Mon père, à chaque fois, s’empressait d’aller s’agenouiller devant cet être, recevant comme à chaque fois la claque nécessaire à montrer sa soumission. Il se faisait frapper avec le sourire, heureux de s’incliner devant cet être abject. 

Ma mère, alors, était offerte aux fidèles valets de ce prince de pacotille, incapable de régner sur les autres Githyankis mais désireux de garder le pouvoir. Bien des fois, je me suis demandé si Beolin était réellement mon père, si je n’étais pas la fille d’un de ces soudards. Mais le sang des barbares auraient alors coulé dans mes veines, et je n’aurais probablement pas autant ressemblé à une Gith.

Pour ma part, j’étais ignorée, laissée dans un coin, impuissant témoin d’horreurs perpétrées au nom de la magie noire et de la corruption. Beolin s’empressait alors de raconter tout ce qu’il savait à l’ennemi, ma mère pleurait et je demeurais plus silencieuse que les pierres, attendant sagement que la nuit prenne fin pour retrouver le cours normal de mon existence. 

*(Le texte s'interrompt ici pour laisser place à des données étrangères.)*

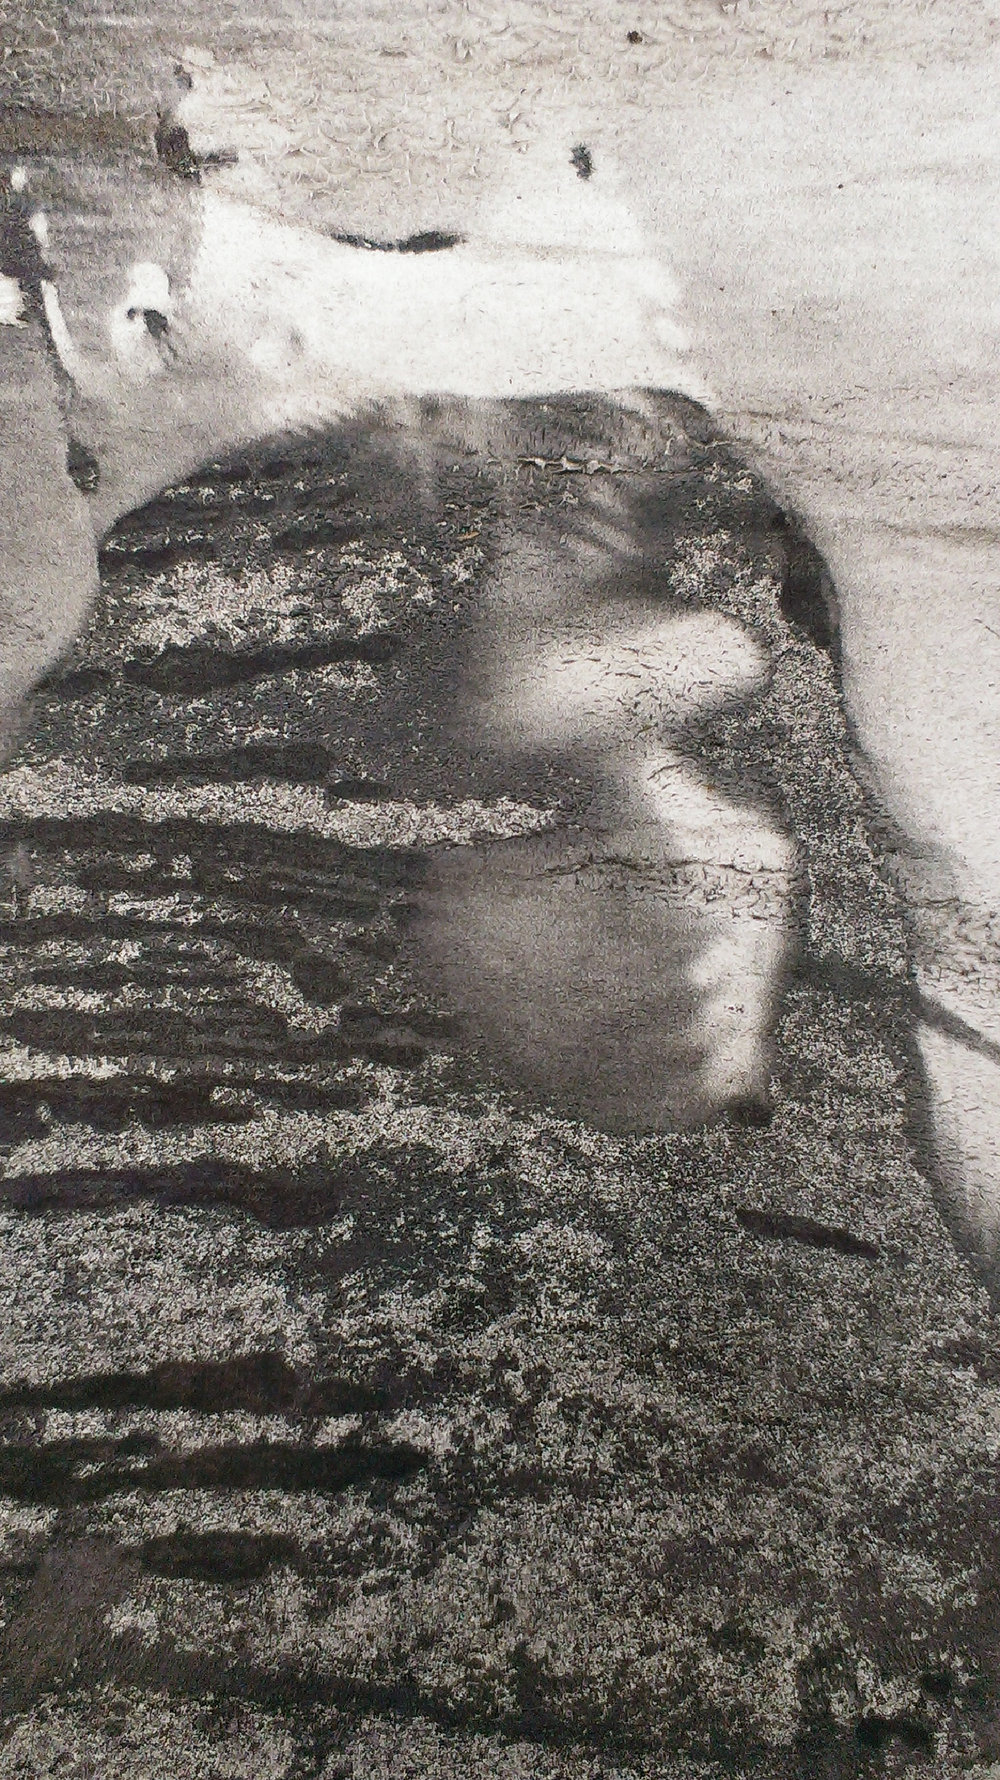 Copy of Denham Carr_Queenie_Archival Photo Print_25x14cm.jpg

En ces heures sombres, j’ai appris la patience et l’oubli. La capacité de se déconnecter d’une situation pour laisser son esprit s’envoler loin me fut salvatrice. Toutefois, je n’ai pas eu une enfance normale, et les rires me furent rares.

Pour cela, je hais Beolin. 

Vous connaissez maintenant la raison de l’existence du carnet que vous tenez. Je suis la fille d’un traître. 

Dès que la guerre a paru perdu pour les Giths, Beolin est parti rejoindre ses chers Githyankis, je suis demeurée enfermée dans ma cave. 

Voilà pourquoi je vais mourir sur ce bateau, loin de la terre que j’aime. Ayez pitié de mon âme, recommandez la parfois aux dieux. Je doute connaître une fin heureuse.